Отличия римской ментальности от греческой обусловили и еще одно от­крытие в природе одаренности. Если эллинские философы говорили исключи­тельно о познавательных способностях души, то Сенека указывает и на такое качество, обуславливающее креативность личности, как «voluntas» - воля. Как замечают по этому поводу Дж. Реале и Д. Антисери, «это открытие Сенеки не обошлось без помощи латинского языка: в самом деле, в греческом языке нет термина, соотносимого адекватным образом с латинским «волюнтас»11.

Эта новация получила дальнейшее развитие в средневековой философии, что связано с христианским пониманием Бога как творца, созидающего мир в свободном волевом акте. Соответственно, душевное и телесное богоподобие человека мыслится, как его способность - в силу обладания высшим божест­венным даром свободы воли - возвыситься до роли творца и тем уподобиться

Создателю. В христианской трактовке одаренность понимается в самом бук­вальном смысле - как дар Божий, которым человек волен распорядиться для собственного блага, либо пренебречь им. Именно эта фундаментальная идея христианской сотериологии выражена в евангельской притче о трех слугах, по- разному распорядившихся серебром, полученным от господина (Мф. 25, 14­30). Благодаря данному сюжету само слово «талант», означавшее прежде меру веса благородных металлов, уже к Х1-ХП вв. приобретает привычный нам смысл меры способностей.

Вплоть до XIV в. идея свободной воли и «умного делания» - творческого самосозидания личности - развивалась преимущественно в восточной патри­стике, тогда как в западной теологии эти идеи фактически были преданы заб­вению. Начиная с Августина, общепринятым стало представление об имма­нентной греховности природы человека и ничтожности его творческой потен­ции.

Лишь с XIV в., когда множество греческих интеллектуалов, спасаясь от турецкого нашествия, устремилось в Италию, на западную почву были перене­сены антропологические теории Античности и восточной патристики. Это влияние обнаруживается уже в сочинениях Колюччо Салютати - одного из предтеч гуманизма, основавшего первую кафедру греческого языка во Фло­ренции. В своих сочинениях он, по меткому выражению Дж. Реале и Д. Анти­сери, «поместил в центр внимания акт воли как упражнение в свободе».
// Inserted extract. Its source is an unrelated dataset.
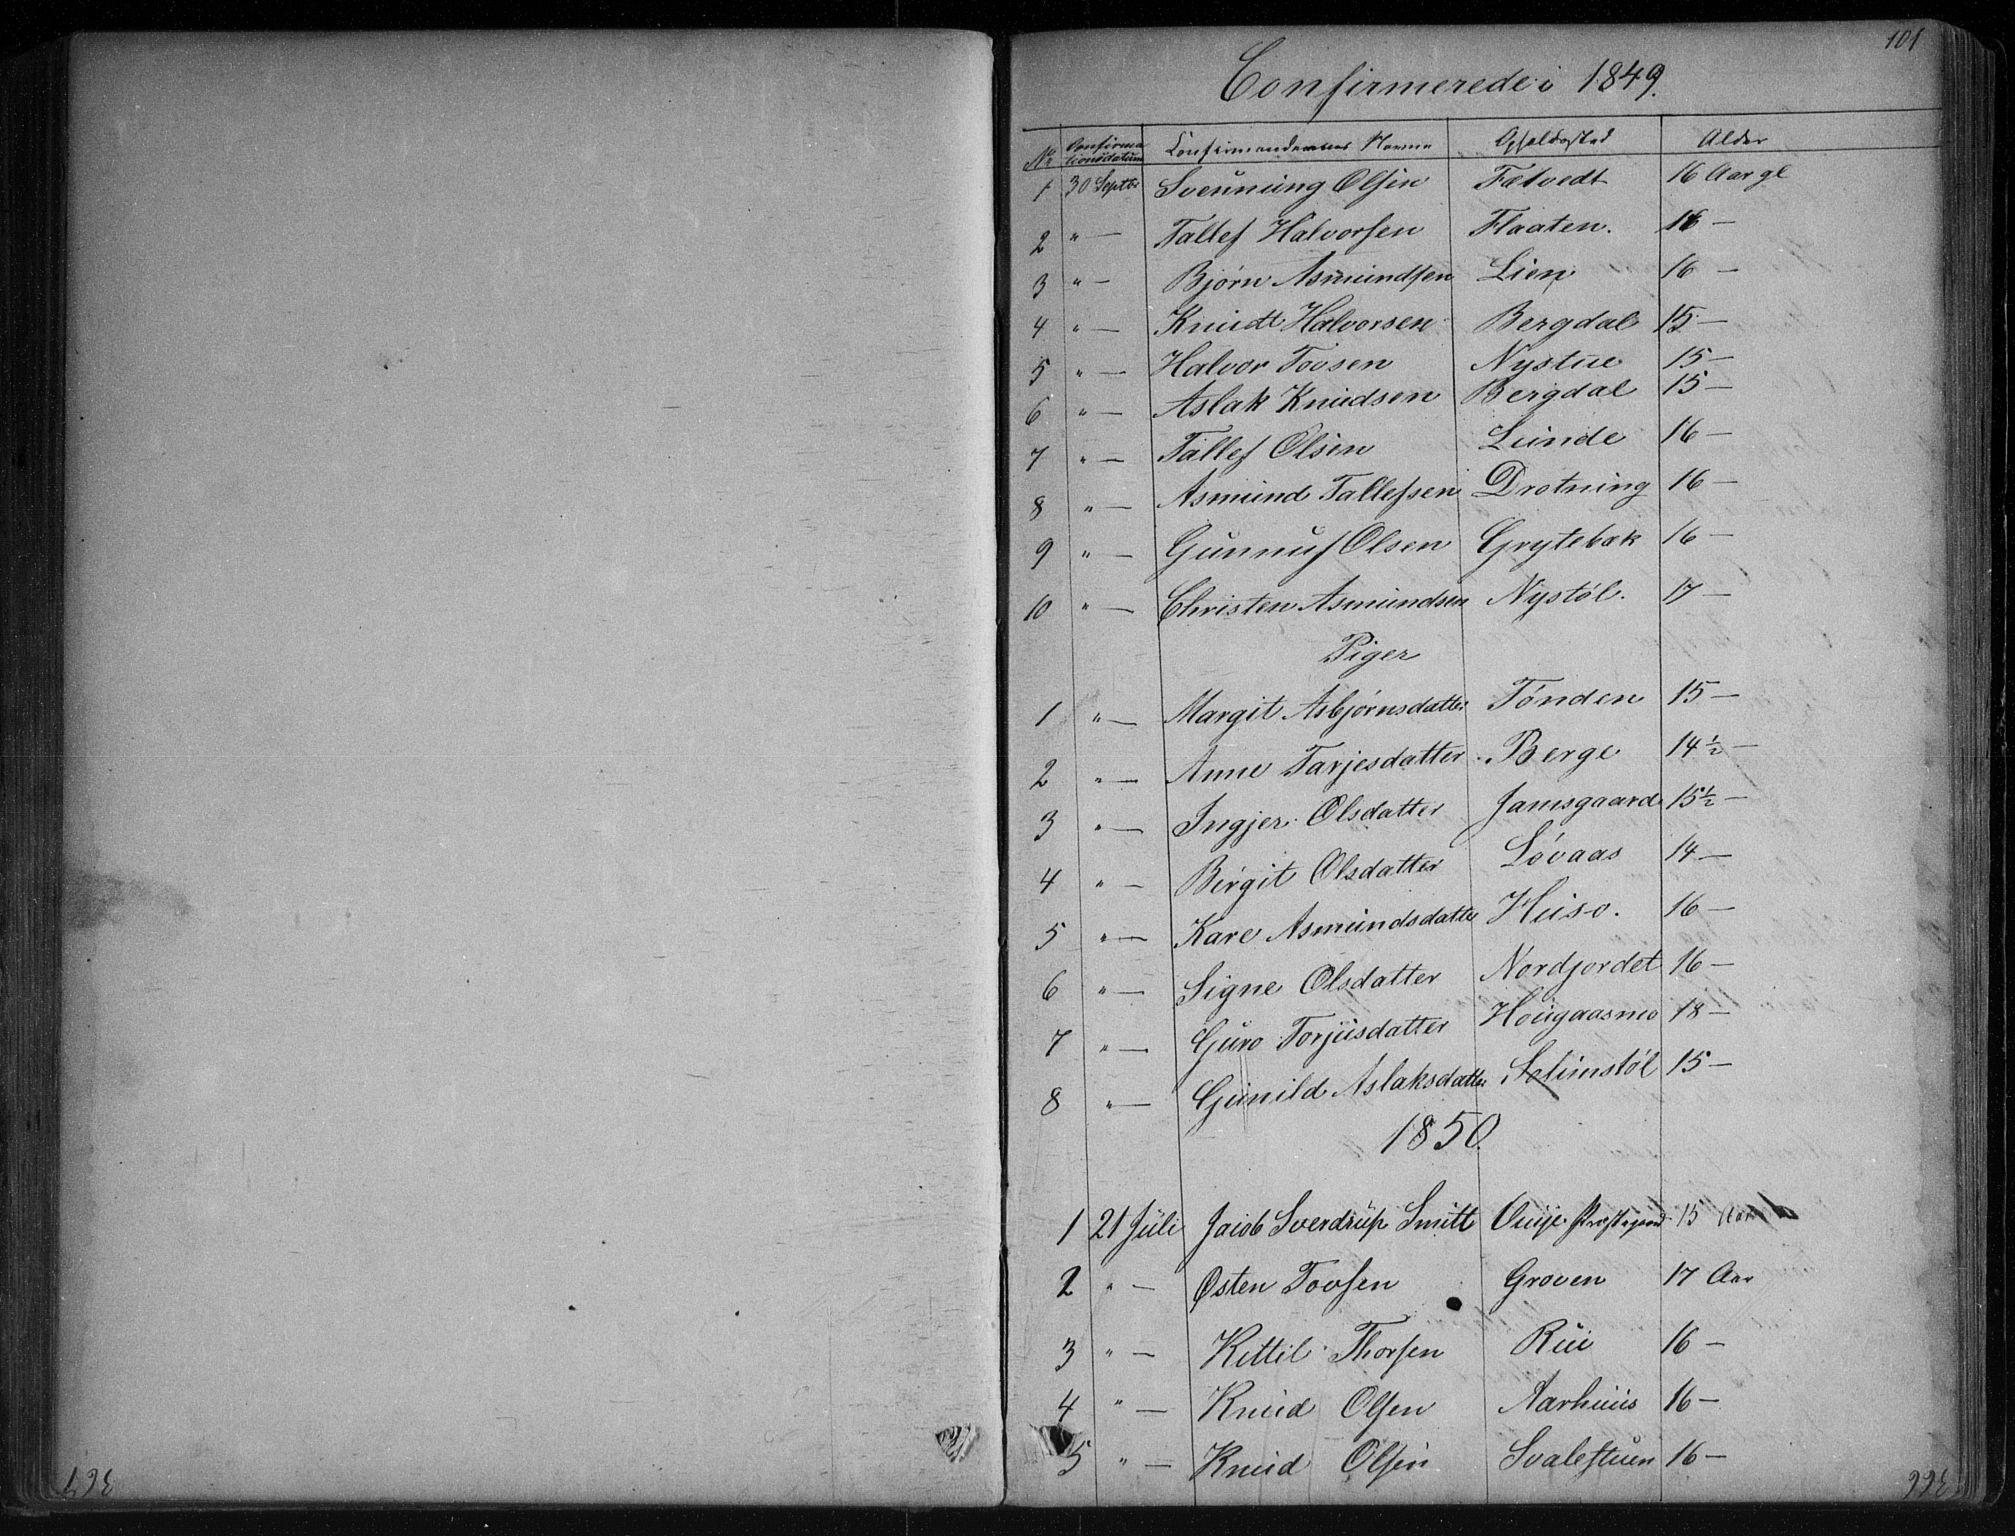 SAKO, Vinje kirkebøker, G/Ga/L0002: Klokkerbok nr. I 2, 1849-1893, s. 101
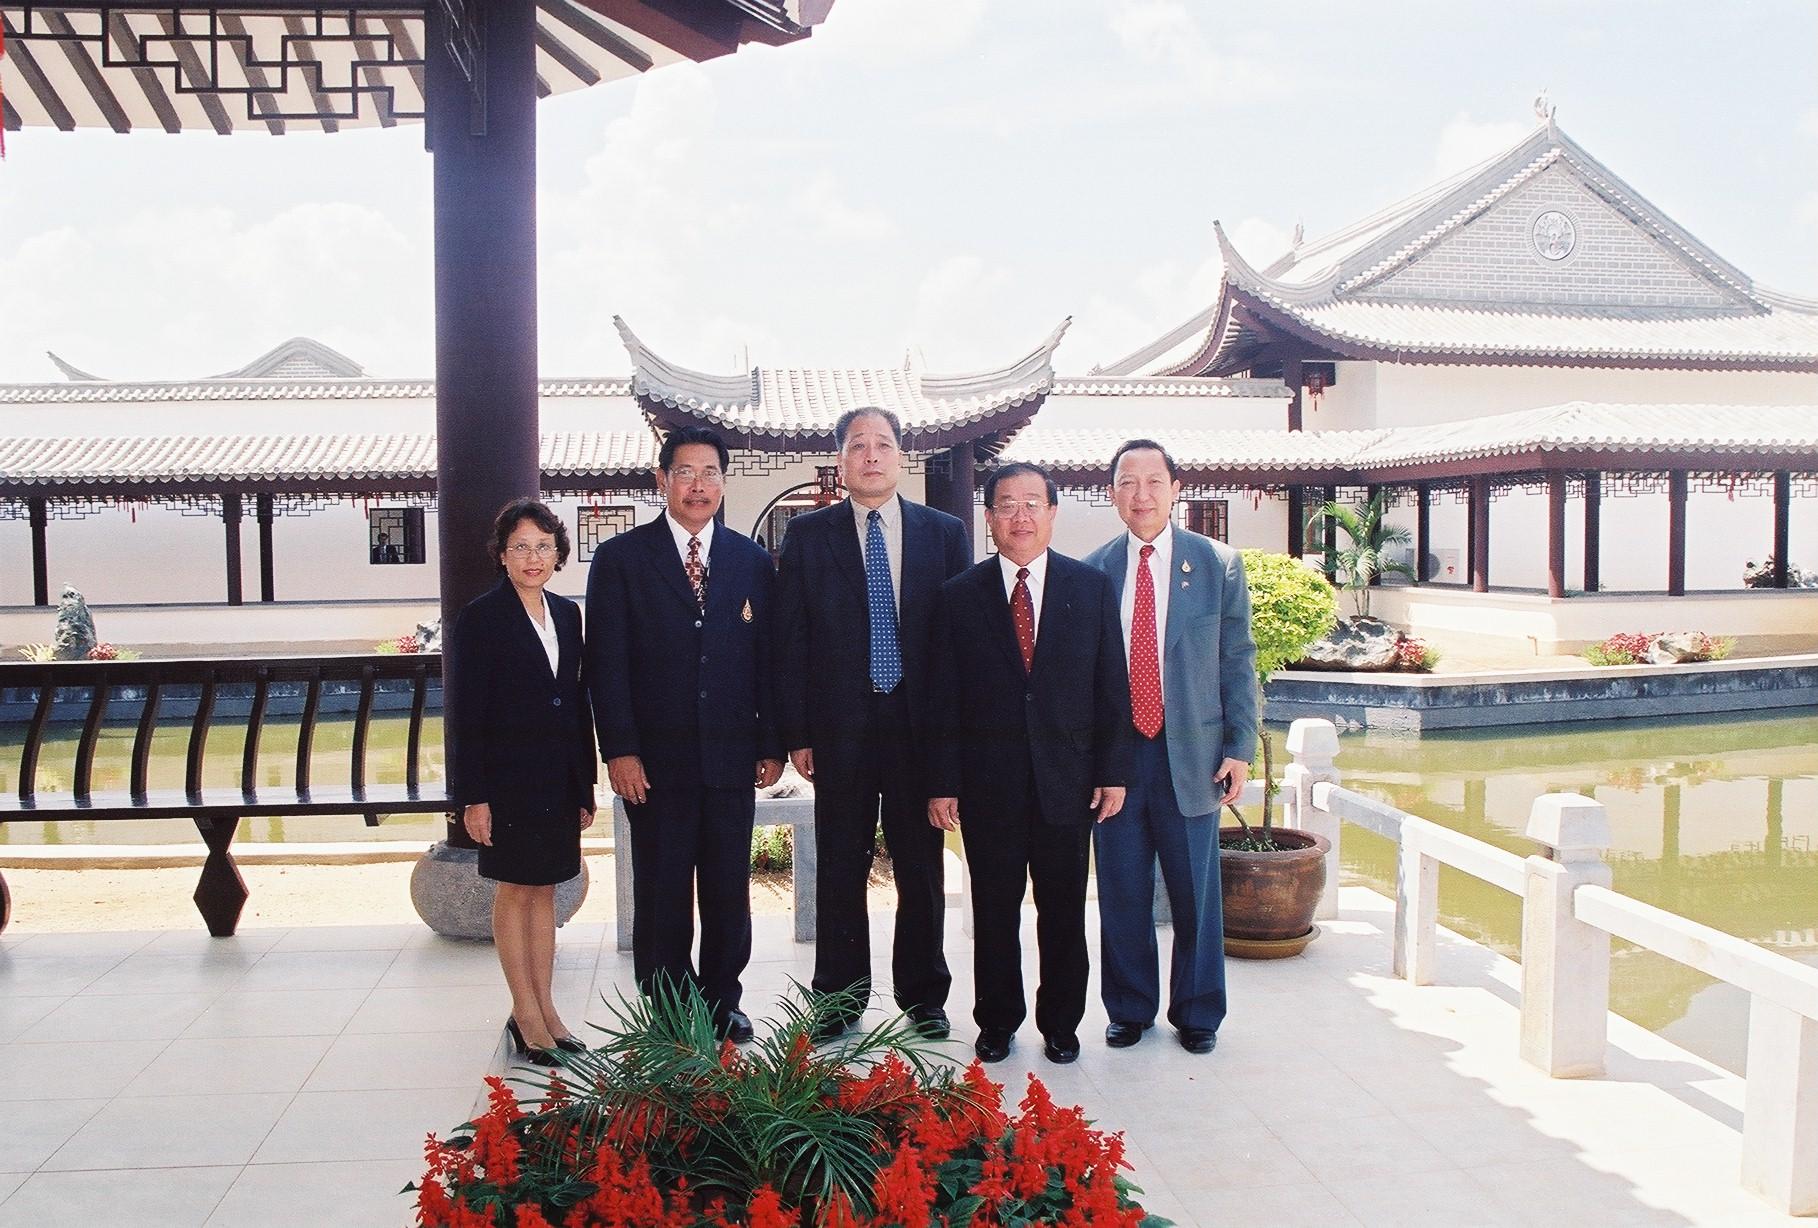 ฯพณฯ จาง ป่าว ชิง (Mr. Zhang Bao Qing)

А в знаменитом манифесте итальянского гуманизма - «Речи о достоин­стве человека» Дж. Пико делла Мирандолы - идея свободы воли и творческого самосозидания человека вкладывается в уста самого Бога, напутствующего Адама: «Я ставлю тебя в центре мира, чтобы оттуда тебе удобнее обозревать все, что есть в мире. Я не сделал тебя ни небесным, ни земным, ни смертным, ни бессмертным, чтобы ты сам, свободный и славный мастер, сформировал себя в образе, который ты предпочтешь».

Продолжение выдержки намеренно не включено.